▶ **EXERCISE INSTRUCTIONS**:
Your task is to return, word for word, only the lines from the line with "Trailer Hitch Receiver" through the close of the data. Exclude all pictures.

▶ **DATASET SECTION**:
[Start of Attachment]
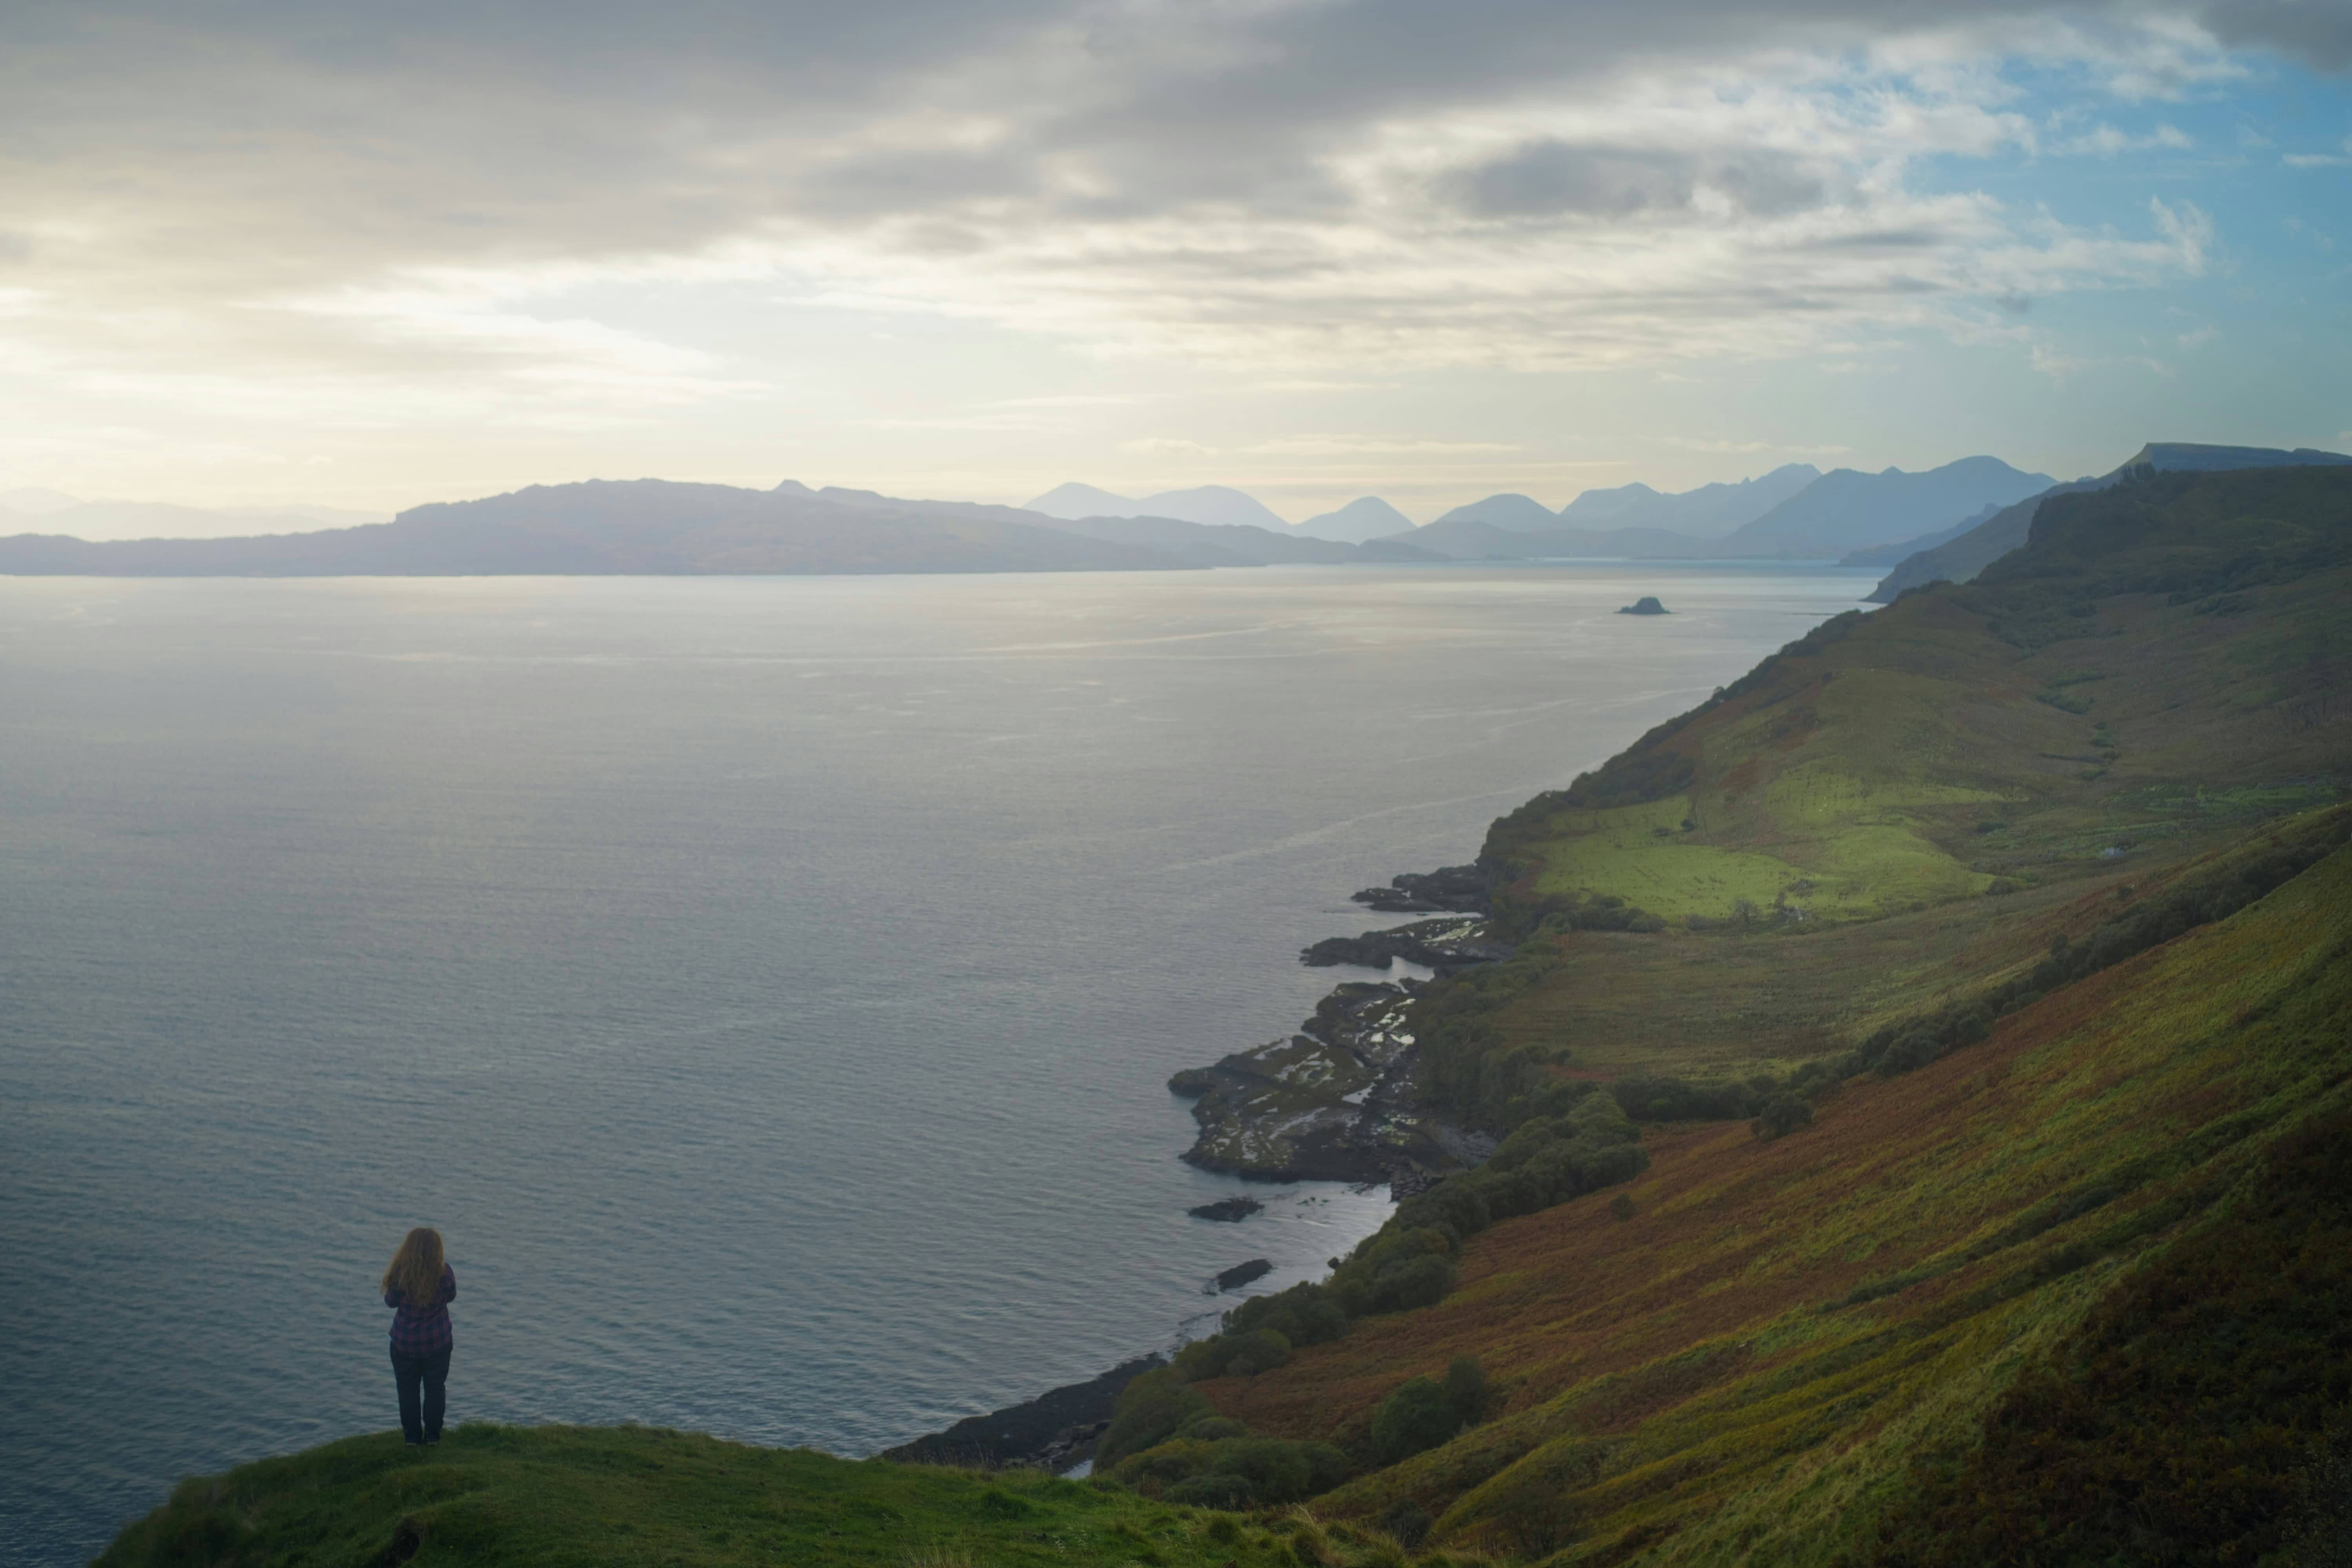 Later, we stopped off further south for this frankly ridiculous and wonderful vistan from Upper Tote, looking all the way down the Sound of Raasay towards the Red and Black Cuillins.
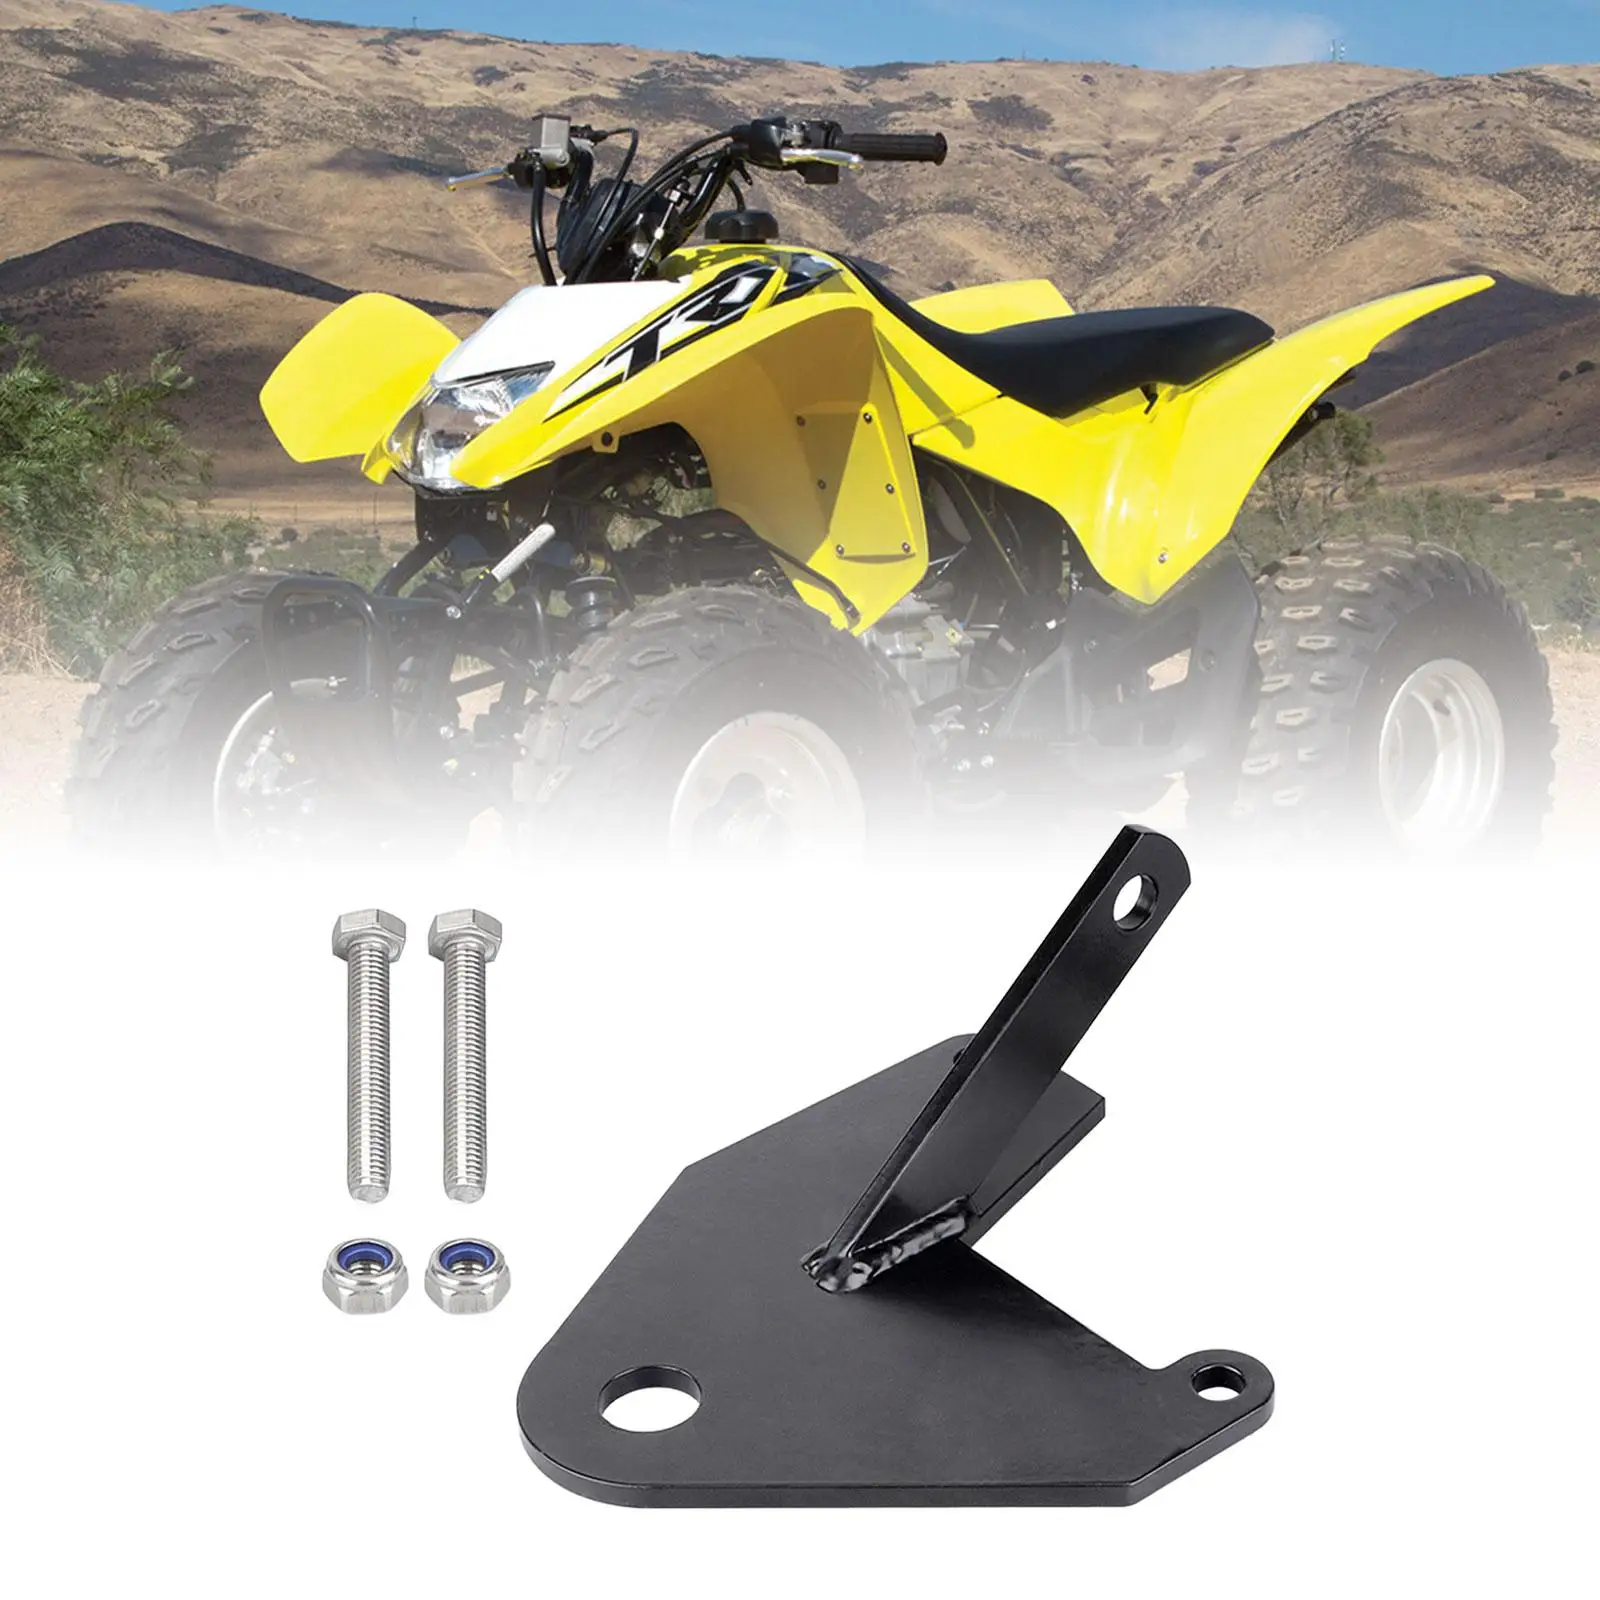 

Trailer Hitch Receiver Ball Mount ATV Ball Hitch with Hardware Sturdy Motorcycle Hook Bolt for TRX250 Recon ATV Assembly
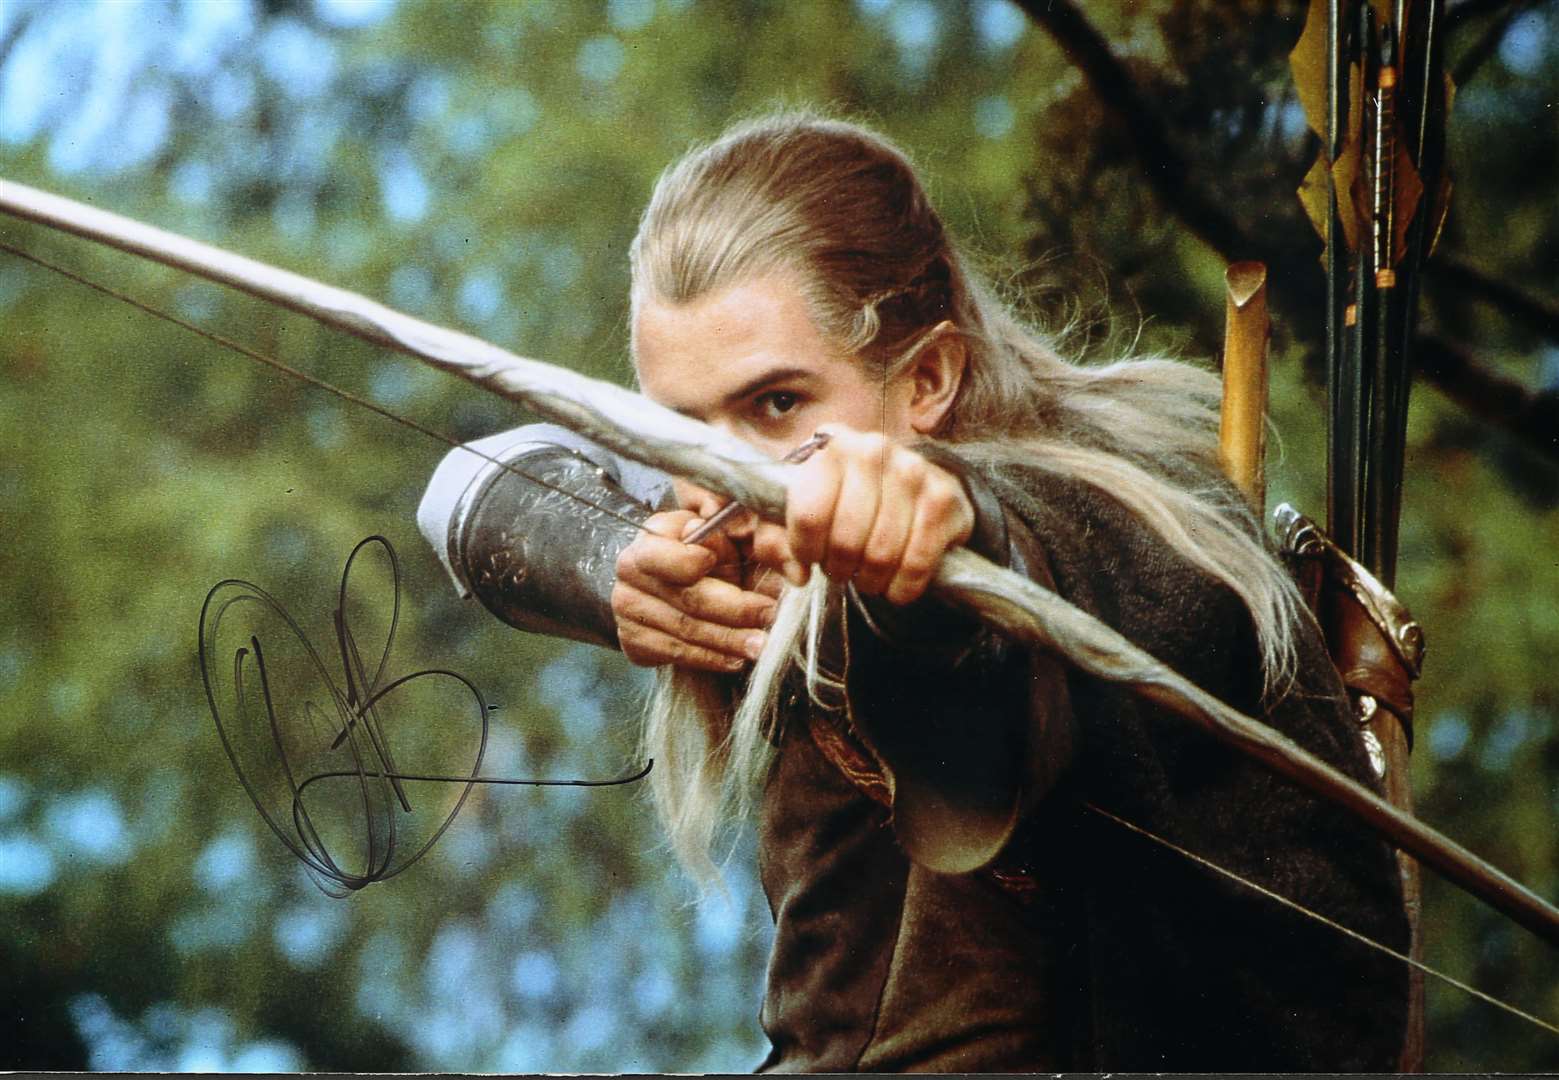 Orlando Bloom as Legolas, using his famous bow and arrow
[End of Attachment]
▶ **ANSWER FOR THIS EXERCISE**:
Trailer Hitch Receiver Ball Mount ATV Ball Hitch with Hardware Sturdy Motorcycle Hook Bolt for TRX250 Recon ATV Assembly
 Orlando Bloom as Legolas, using his famous bow and arrow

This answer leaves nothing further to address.